**Work task:** Line by line, restate the material word for word, omitting any image.

**Exercise data:**
● ● ● ●
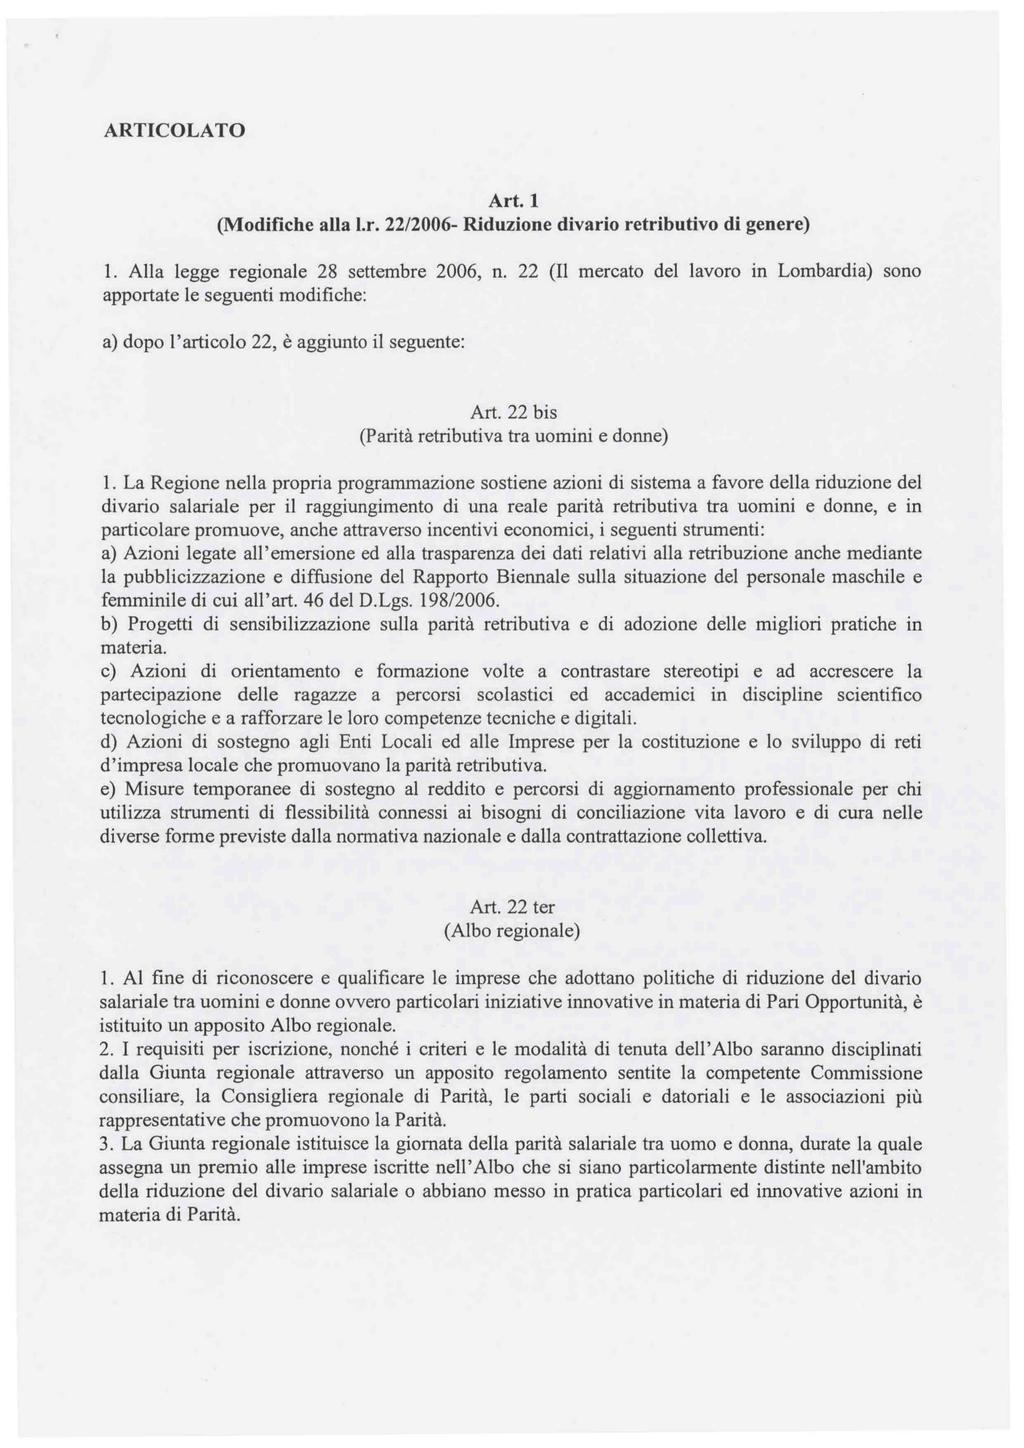 ARTICOLATO Art. 1 (Modifiche alla 1.r. 22/2006- Riduzione divario retributivo di genere) 1. Alla legge regionale 28 settembre 2006, n.
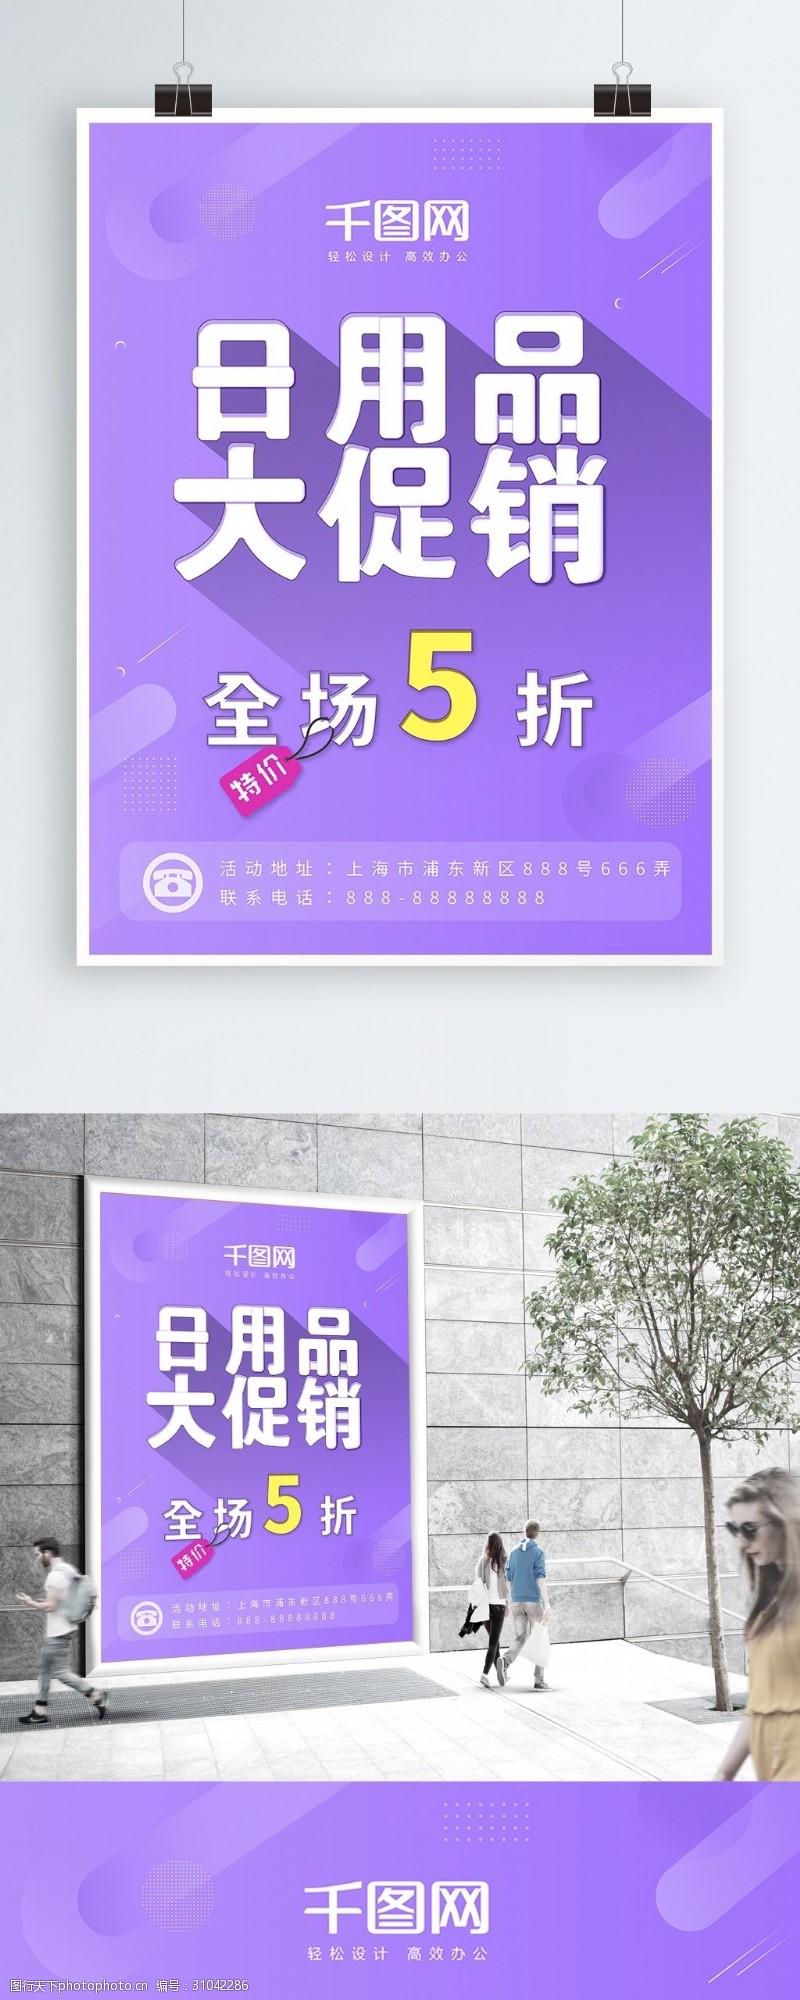 紫色几何简约日用品商店超市打折促销海报
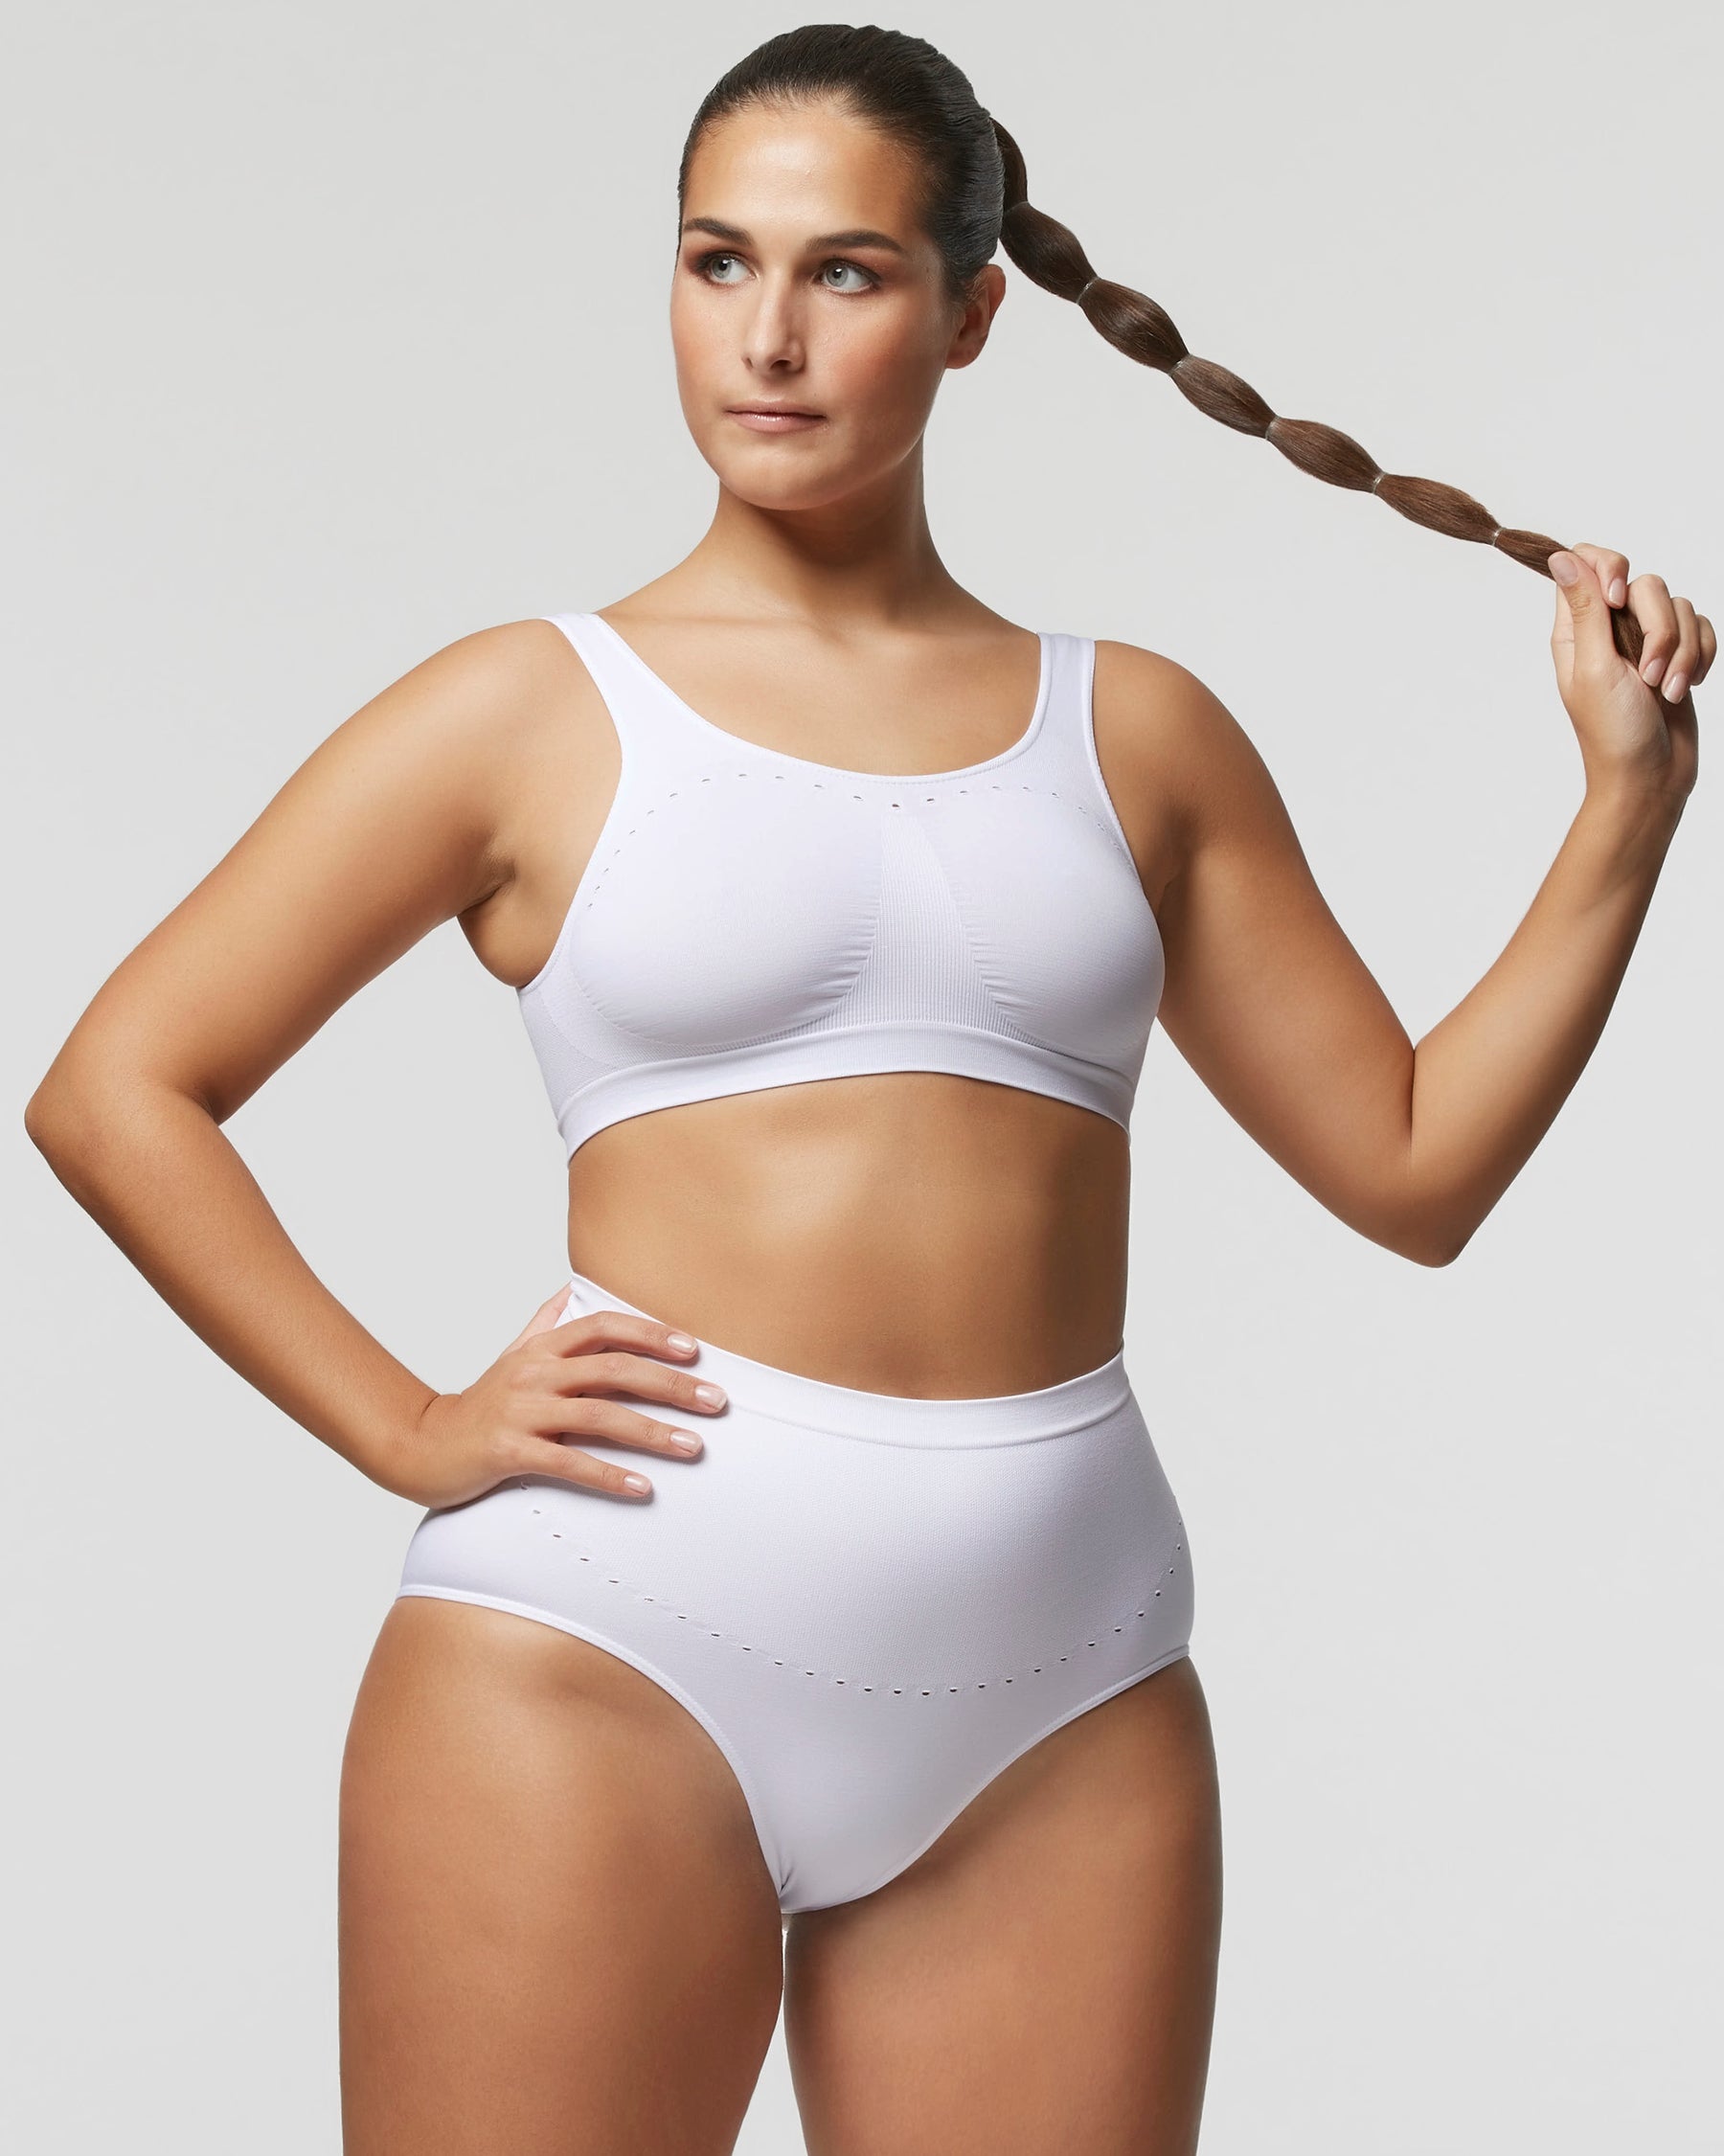 Seamless bikini briefs, Comfort Size, white, Women's Underwear
● ● ● ●
**Exercise output:**
 ARTICOLATO Art. 1 (Modifiche alla 1.r. 22/2006- Riduzione divario retributivo di genere) 1. Alla legge regionale 28 settembre 2006, n.
 紫色几何简约日用品商店超市打折促销海报
 Seamless bikini briefs, Comfort Size, white, Women's Underwear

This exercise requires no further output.